━━ SOURCE MATERIAL ━━

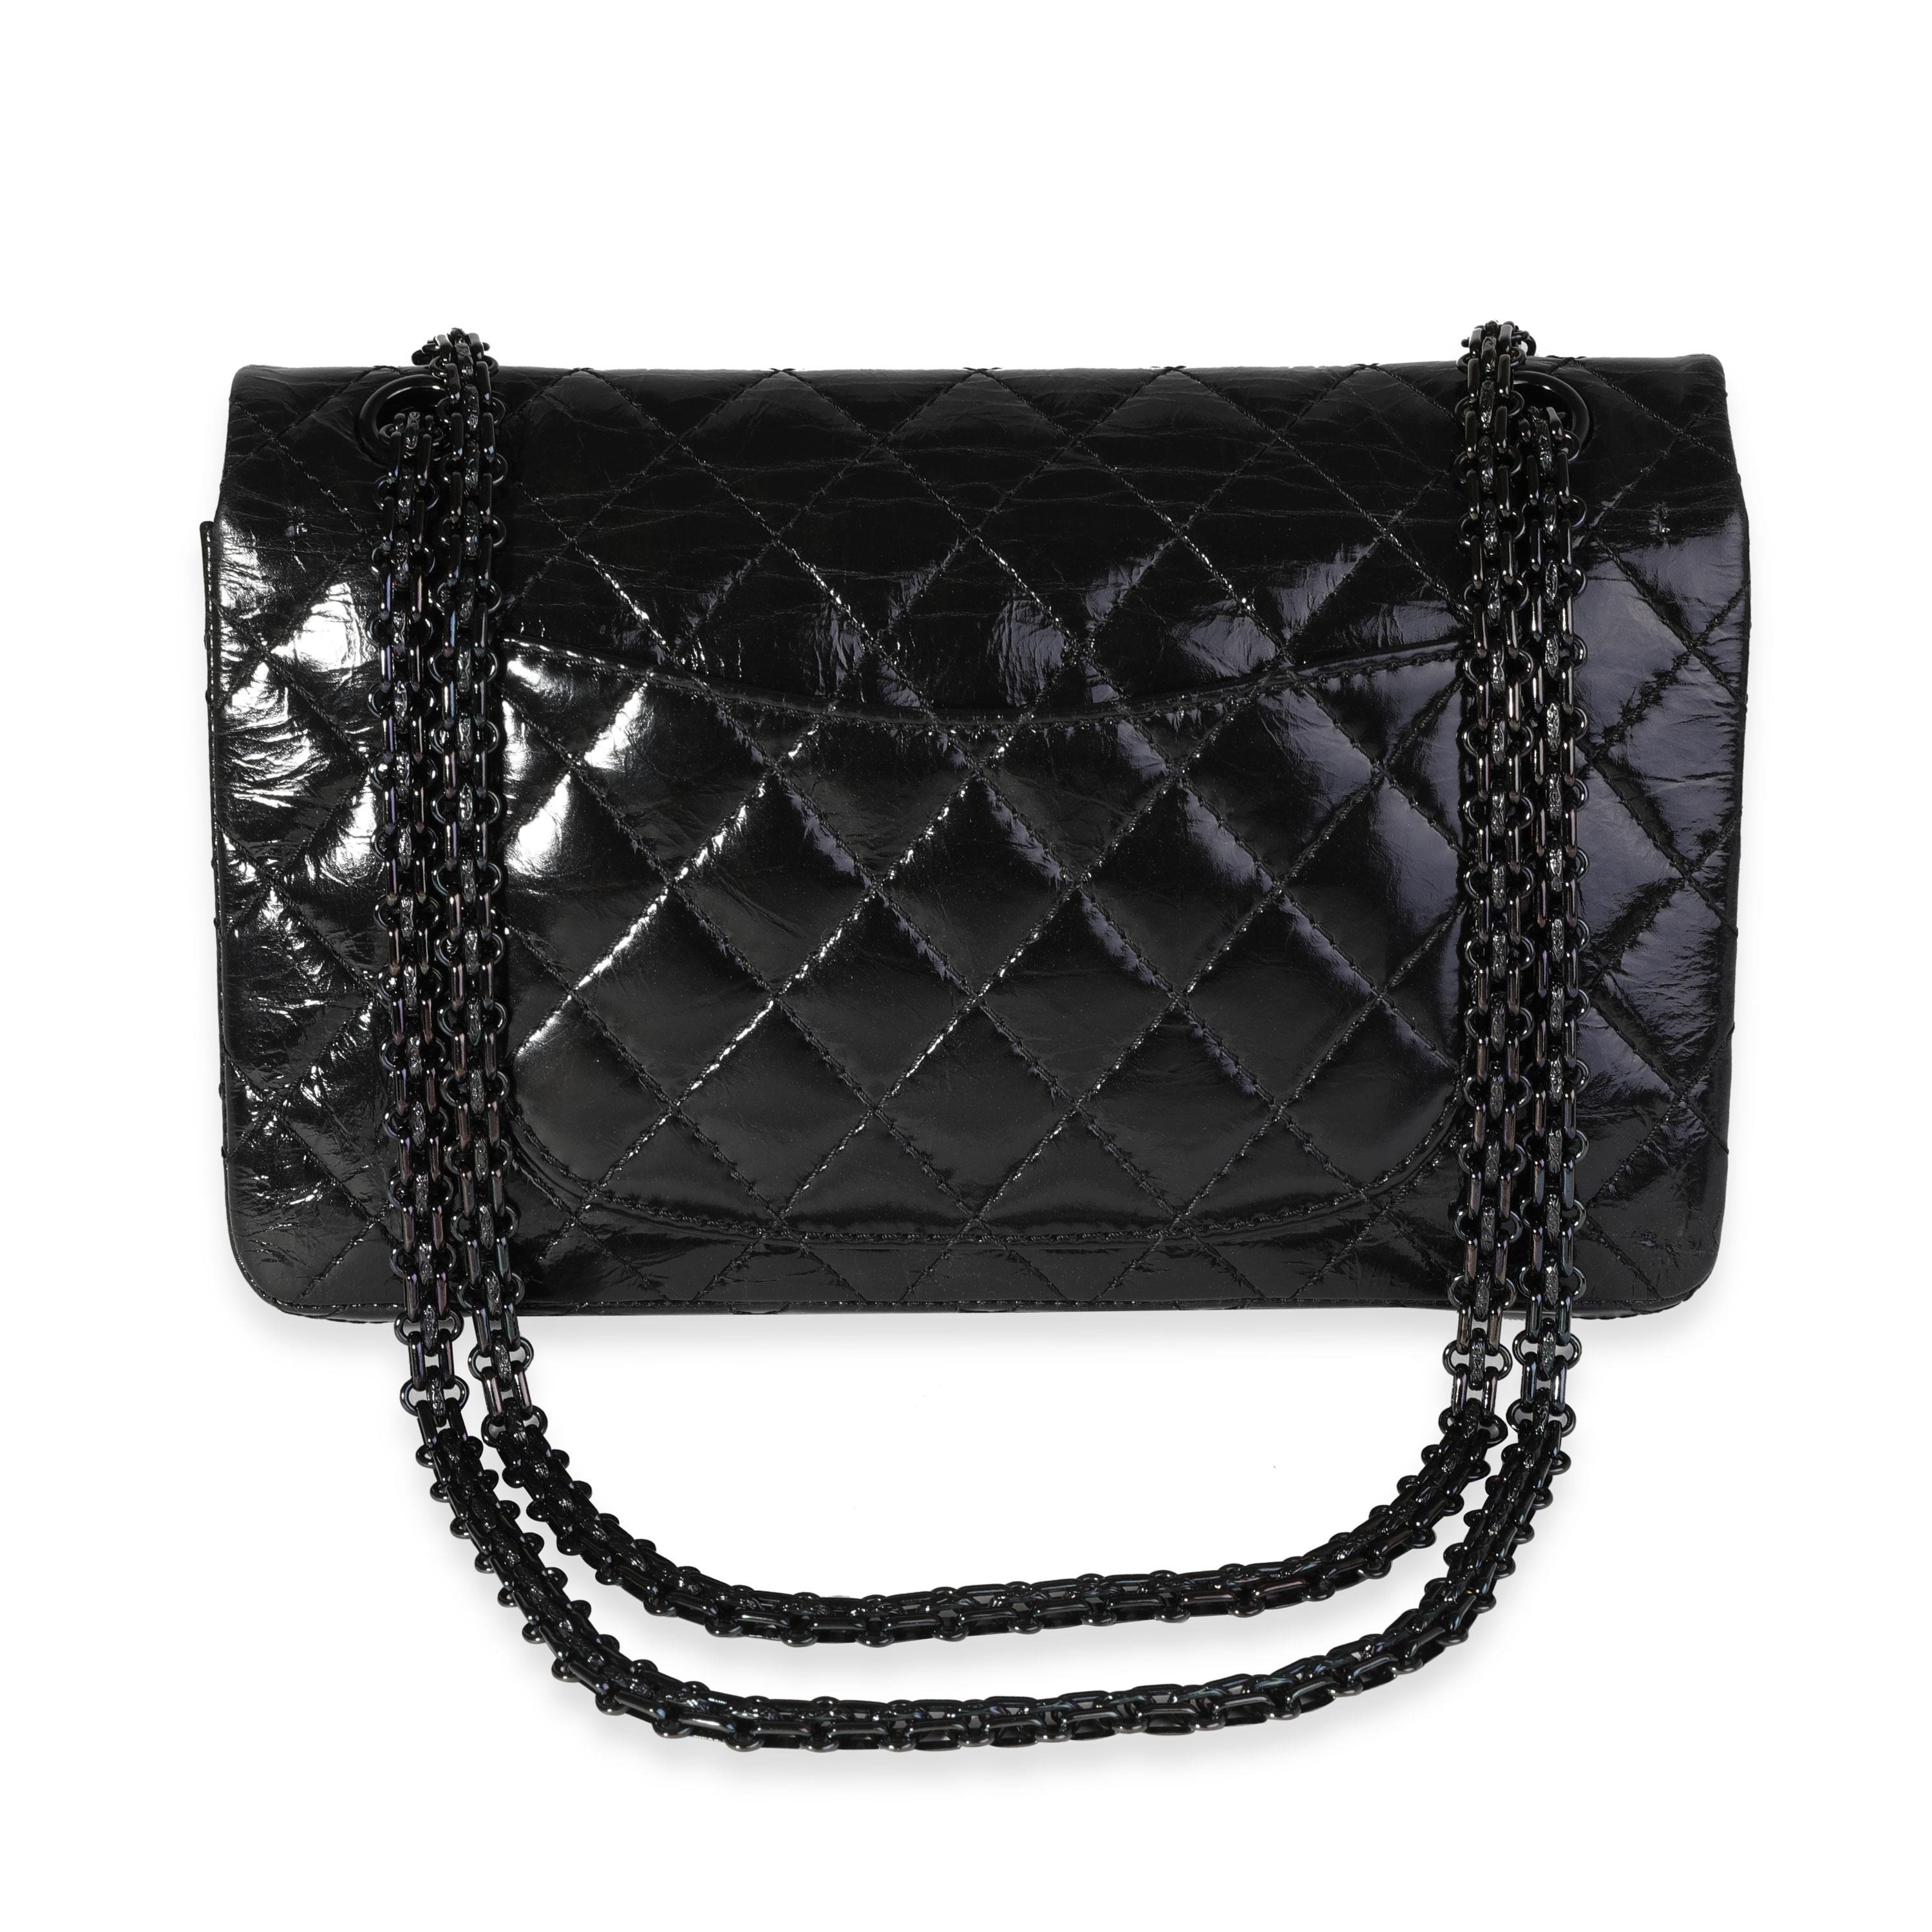 Chanel So Black Patent Crinkled Calfskin Reissue 2.55 225 Double Flap Bag In Good Condition In New York, NY
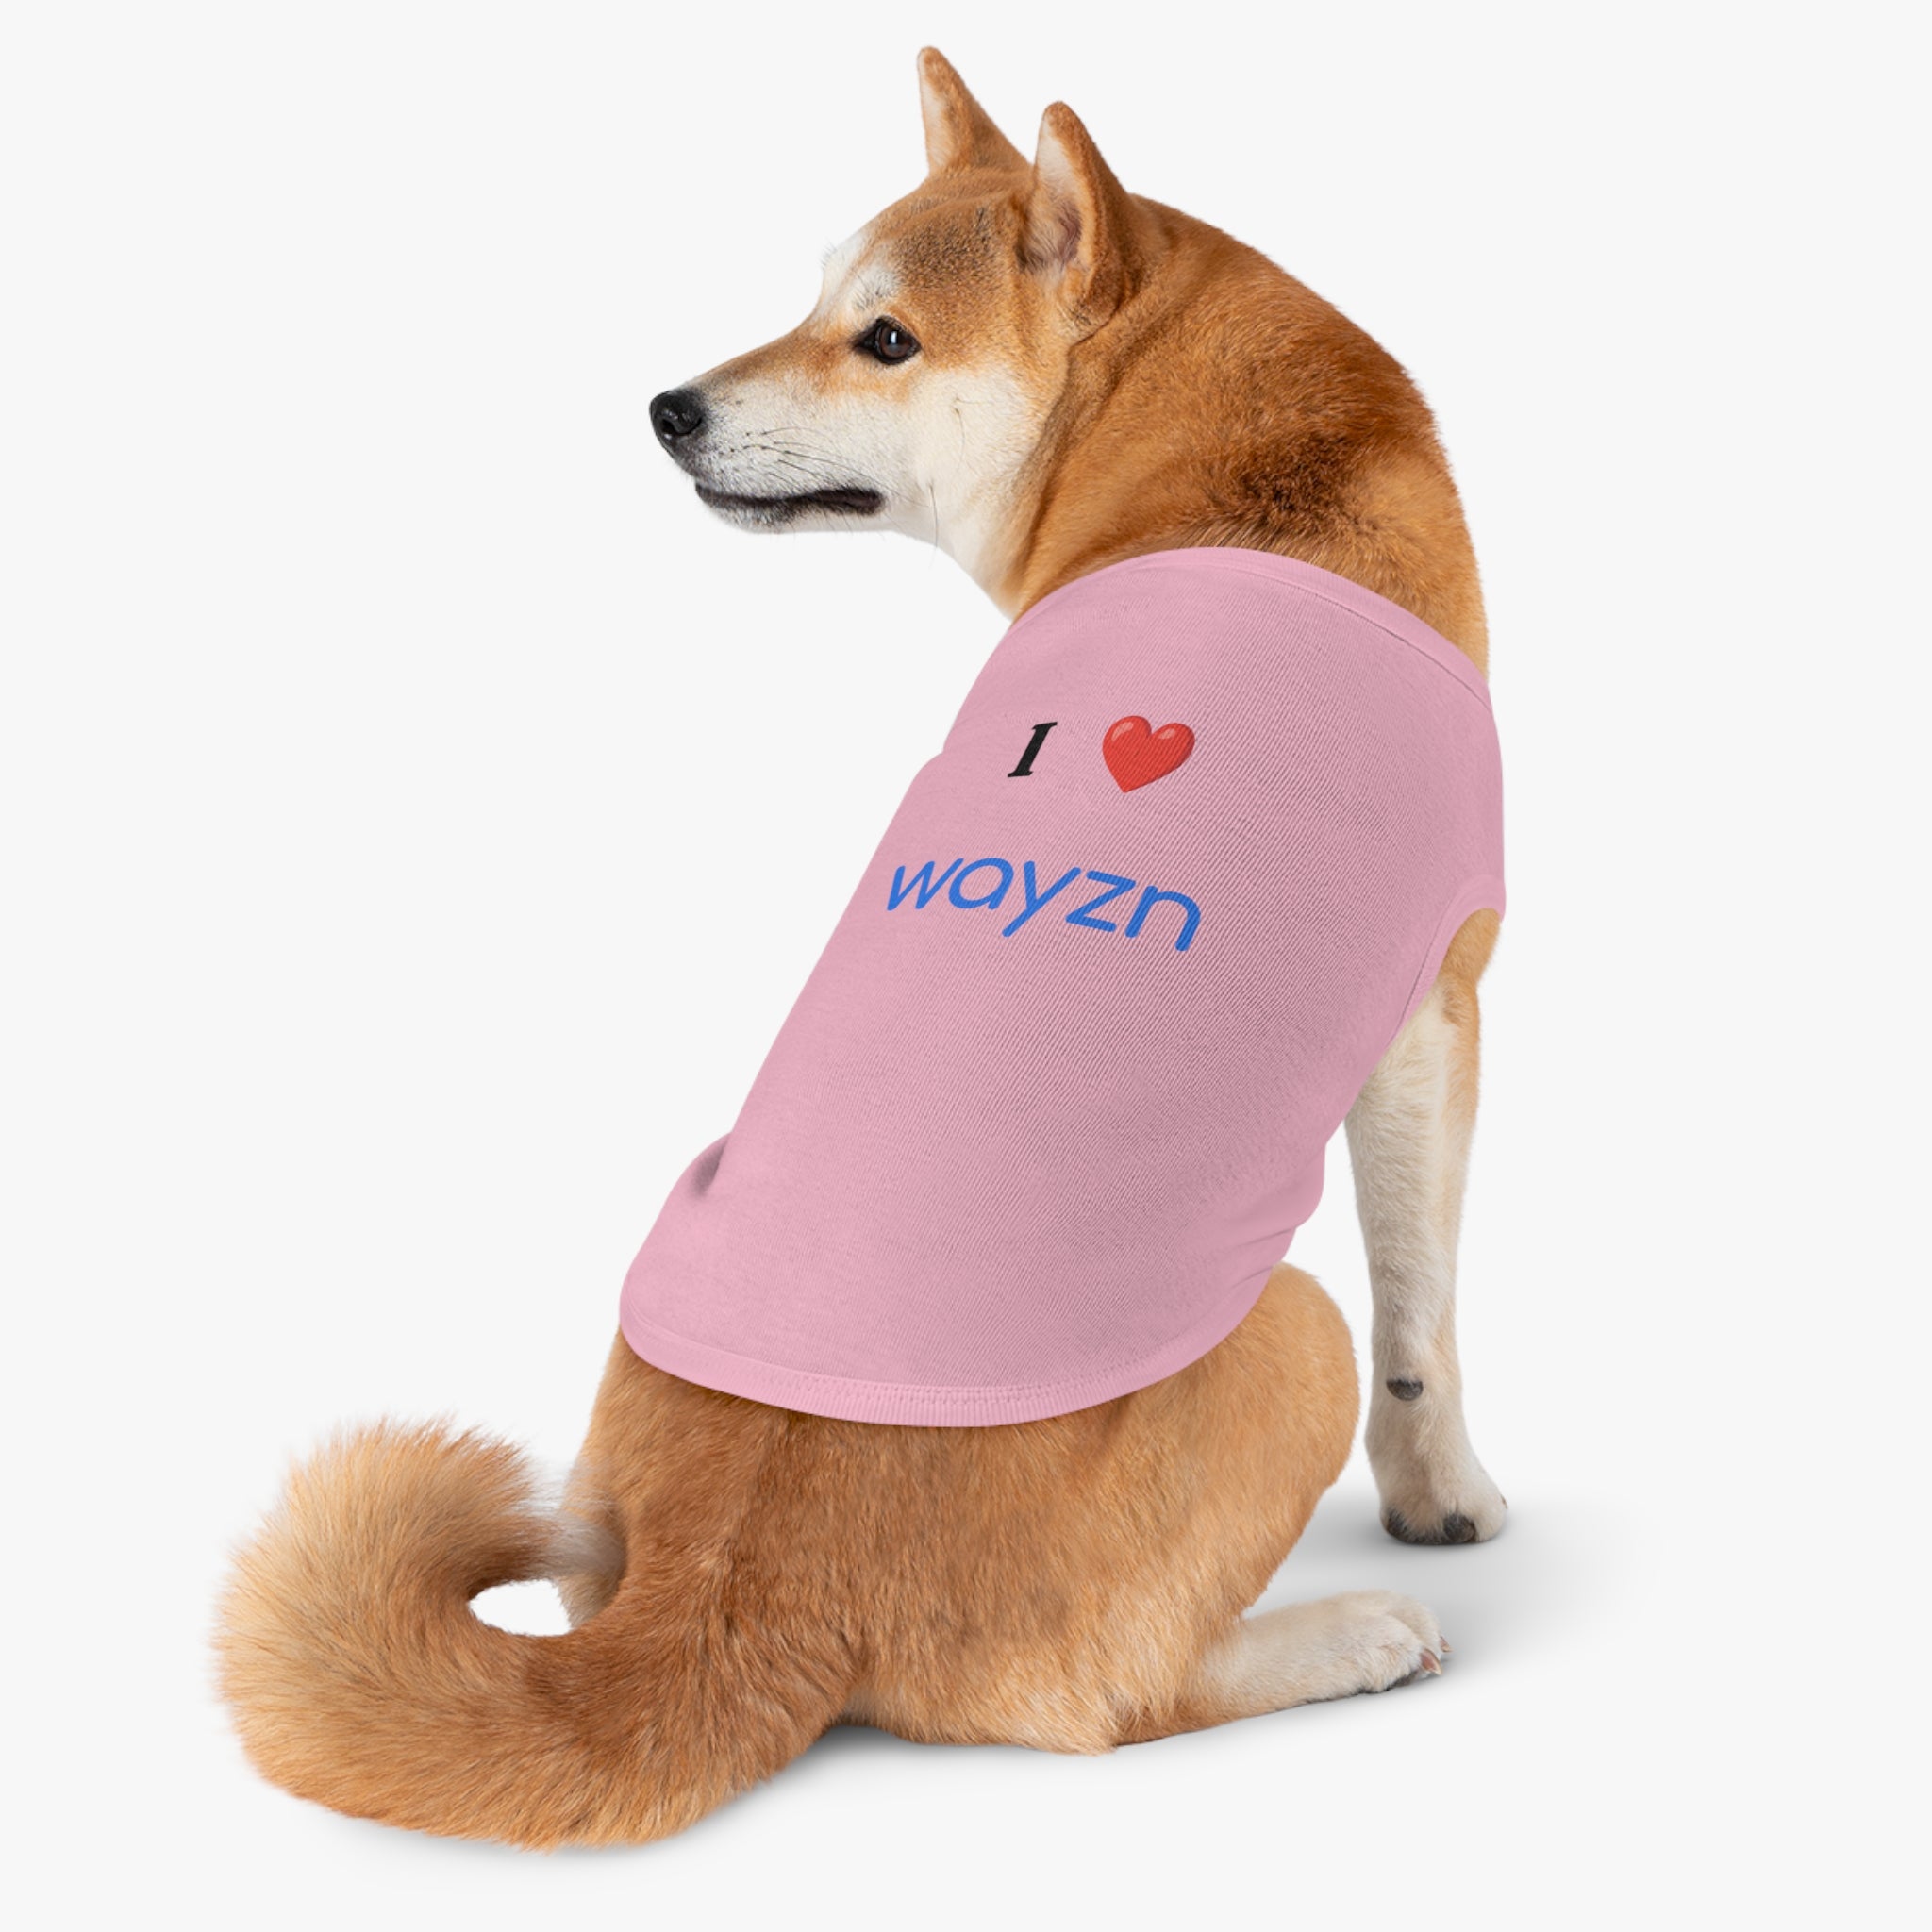 I Heart Wayzn - Dog Jersey: A dog wearing a pink shirt with a red heart on it.
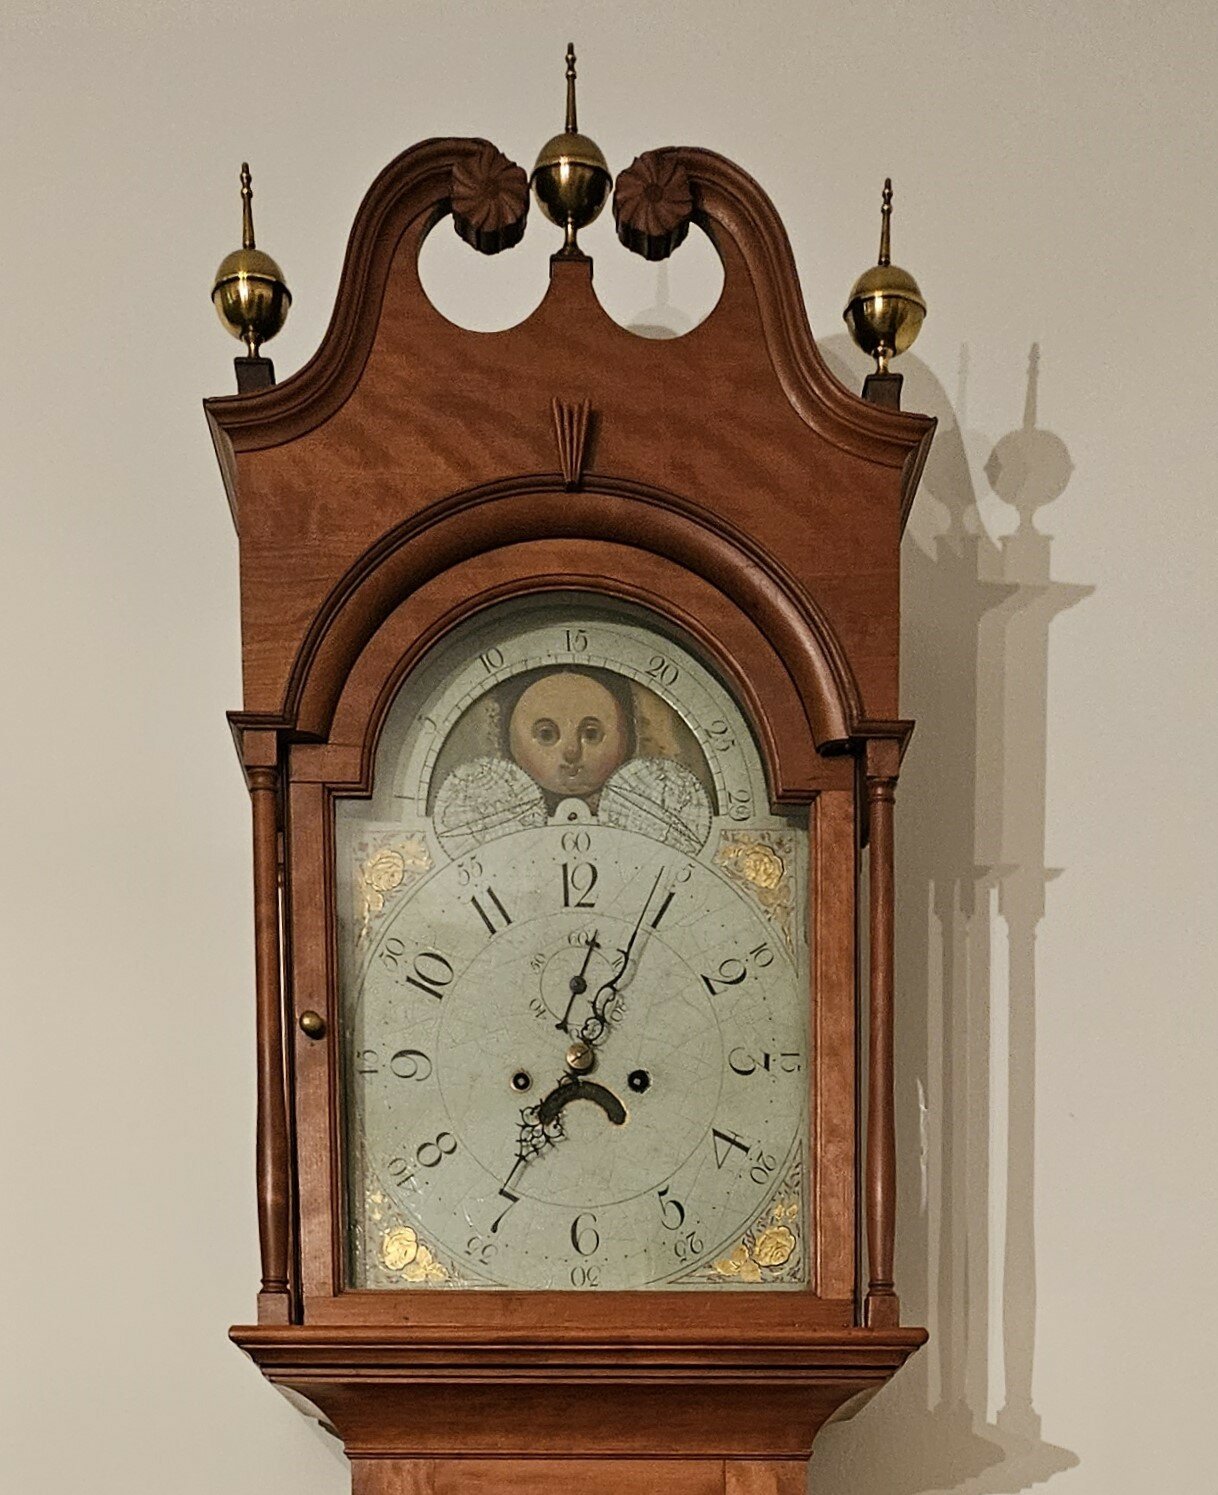 A 200-year-old grandfather clock that belonged to Benjamin Parry, the “Father of New Hope,” will be rededicated Sunday.

━━━

(EXERCISE GOAL):
Restate the lines above exactly, from the one bearing "I Heart Wayzn" through the final line of the material, both included, omitting pictures.

(OUTPUT FOR THIS TASK):
 I Heart Wayzn - Dog Jersey: A dog wearing a pink shirt with a red heart on it.
 A 200-year-old grandfather clock that belonged to Benjamin Parry, the “Father of New Hope,” will be rededicated Sunday.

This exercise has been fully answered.